Closed tgrabiec closed 1 year ago
Probably introduced in 1a6bf2e9ca0275eade59ed35b00778a05375207f
I don't see the evidence in this log:
WARN
s observed in this log only show that pings happen after the DIRECT_FD_VERB handler was unregistered, which is fine, I think they are a red herring. messaging_service
is stopped later.fd.stop()
is called before ms.stop()
in cql_test_env.cc. fd.stop()
destroys all pinging workers. So by looking at the code, pinging shouldn't happen by the time ms.stop()
is called.
Maybe stopping the pinger doesn't wait for all verbs?
I added tracing to messaging_service::get_rpc_client(), and this verb is the only verb issued in the program.
Maybe @gleb-cloudius has some idea.
I added tracing to messaging_service::get_rpc_client(), and this verb is the only verb issued in the program.
I think that's because the node is pinging itself - maybe there are no other RPCs that a node issues to itself, hence this is the only verb we see in a single-node cluster.
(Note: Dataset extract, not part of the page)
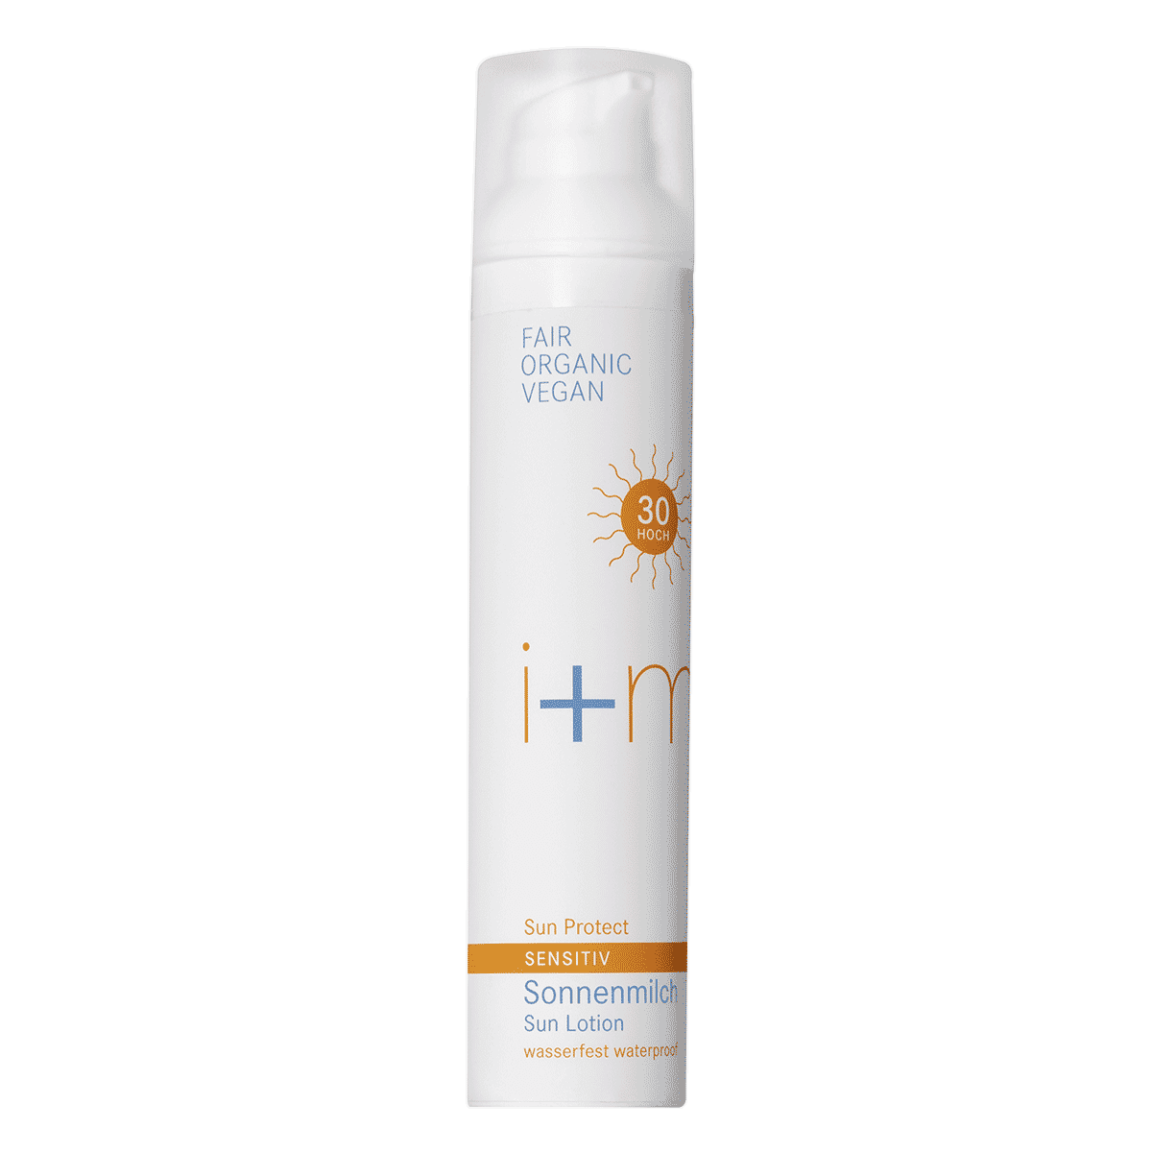 Sun Protect Sonnenmilch 30 sensitiv

The question is whether this verb is issued after messaging service has been stopped. I don't think it is.
What about the backtrace? It shows some things that are completely unrelated to pinging.
column_mapping::~column_mapping() at schema.cc:?
db::cql_table_large_data_handler::internal_record_large_cells(sstables::sstable const&, sstables::key const&, clustering_key_prefix const*, column_definition const&, unsigned long, unsigned long) const at ./db/large_data_handler.cc:180
operator() at ./db/large_data_handler.cc:123
Usually RPC is not send to the node itself at least in my code. IIRC truncate does it. May be there are others.
The problem is that messaging service is stopped while there is an active rpc::client. Stopping the service just removes the clients, which deallocates them. This causes use-afer-free on the rpc client.
The last valid frame is this:
operator() at ./build/release/seastar/./seastar/src/rpc/rpc.cc:788
Which comes from here:
}).then_wrapped([this] (future<> f) {
std::exception_ptr ep;
if (f.failed()) {
ep = f.get_exception();
if (_connected) {
if (is_stream()) {
788: log_exception(*this, log_level::error, "client stream connection dropped", ep);
Which invoked connection::_logger. This field no longer points to a logger, but something else (cql_table_large_data_handler), hence you see the cql stuff later in the backtrace, which eventually trips over and sigsegvs.
The problem is that messaging service is stopped while there is an active rpc::client. Stopping the service just removes the clients, which deallocates them. This causes use-afer-free on the rpc client.
So it's an in-flight RPC response arriving after messaging is stopped (and the client destroyed).
Note that the failure detector, when stopping and destroying workers, ensures that all ping calls are finished - it co_awaits on the pinging fiber. To make sure that the calls finish promptly, it aborts them before waiting, which underneath uses the Seastar cancellable
interface.
Hence I don't think the bug is on the failure detector side - it takes care of waiting for everything to finish. Maybe we don't handle responses to cancelled RPCs properly in the Seastar RPC implementation?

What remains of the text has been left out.